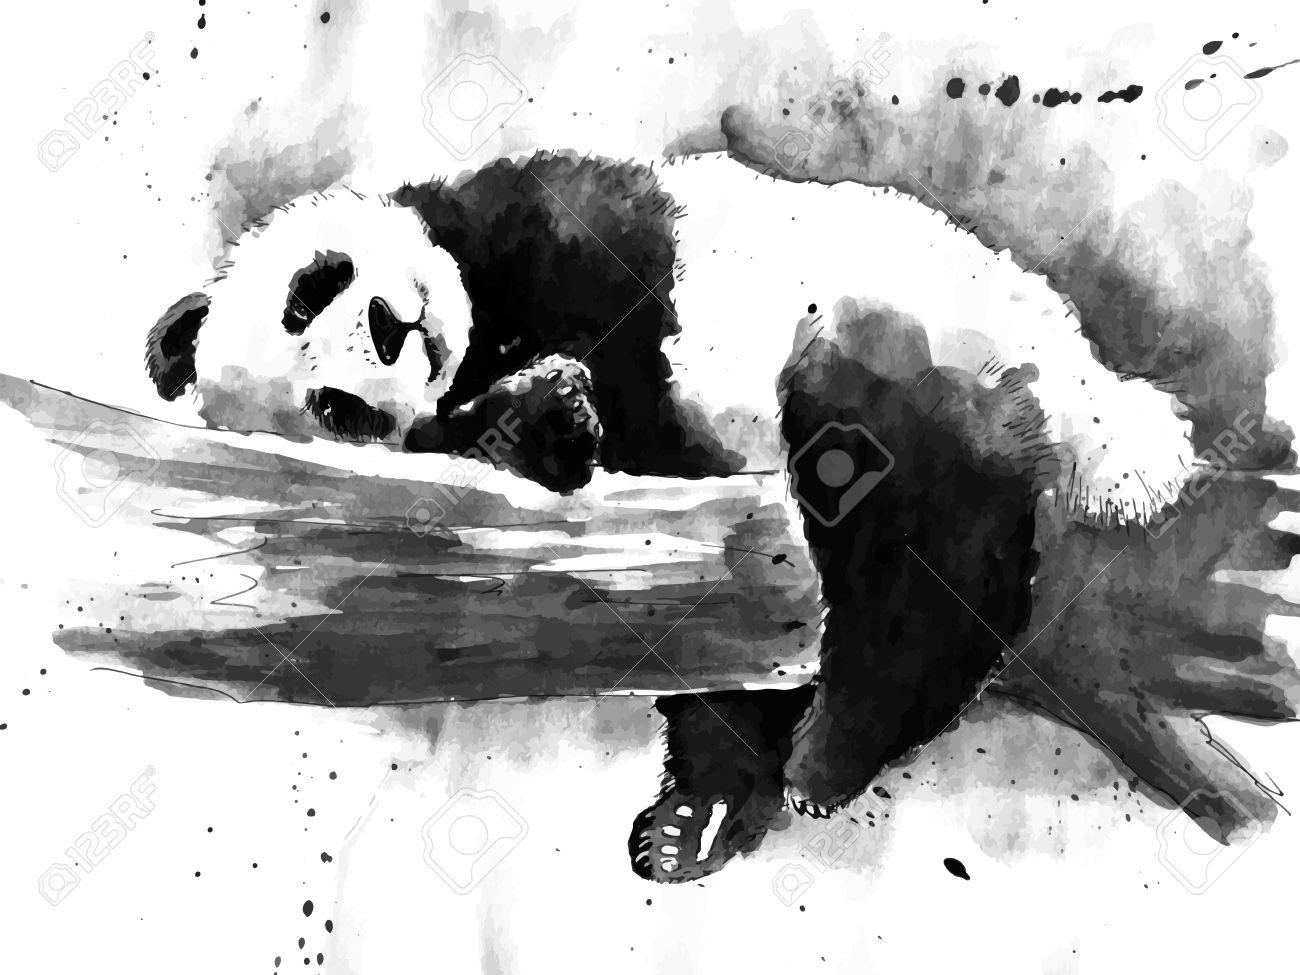 Watercolor black and white panda drawing - 57468448
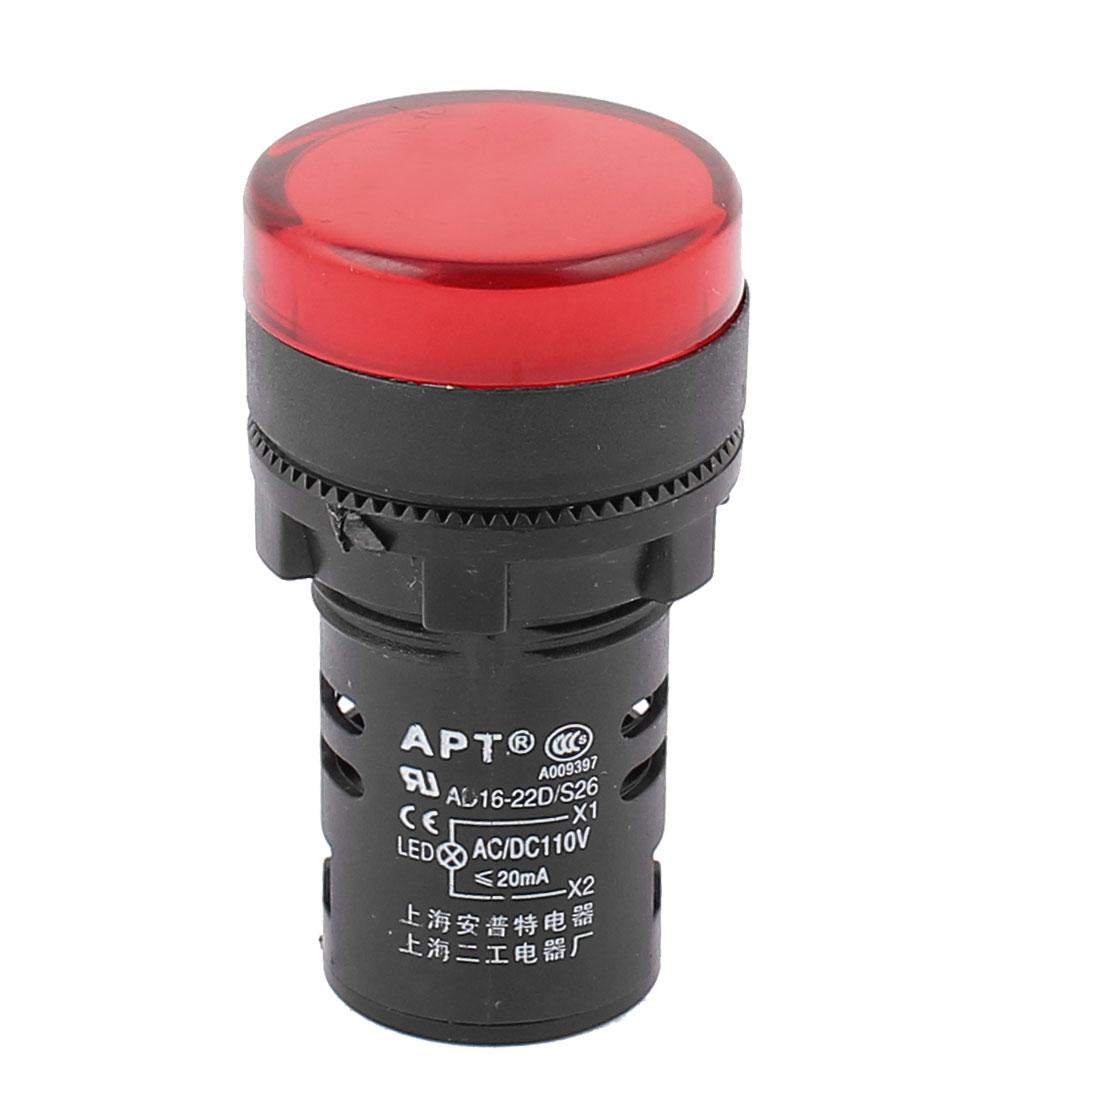 AC/DC 110V 20mA 22mm Thread Diameter Red LED Pilot Panel Indicator Light
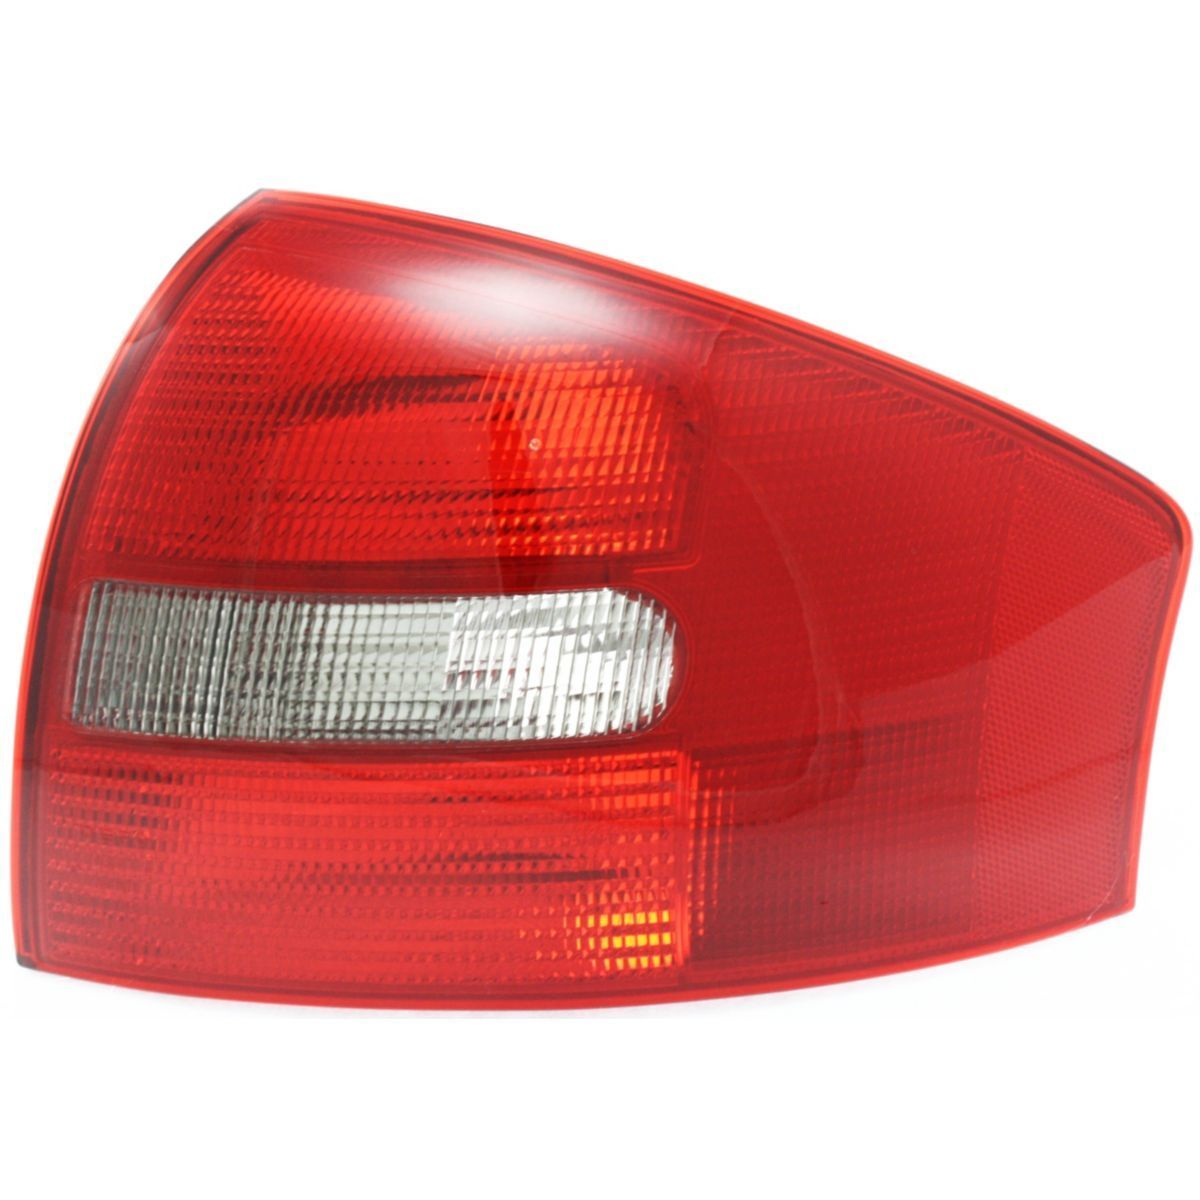 hight resolution of  b new tail light assembly passenger side fits 1998 2001 audi a6 sedan au2819109 4b5945096a b walmart com

──────────

Retype the data word for word and keep the pictures out of it.

Answer for this exercise:
 Watercolor black and white panda drawing - 57468448
 AC/DC 110V 20mA 22mm Thread Diameter Red LED Pilot Panel Indicator Light
 hight resolution of  b new tail light assembly passenger side fits 1998 2001 audi a6 sedan au2819109 4b5945096a b walmart com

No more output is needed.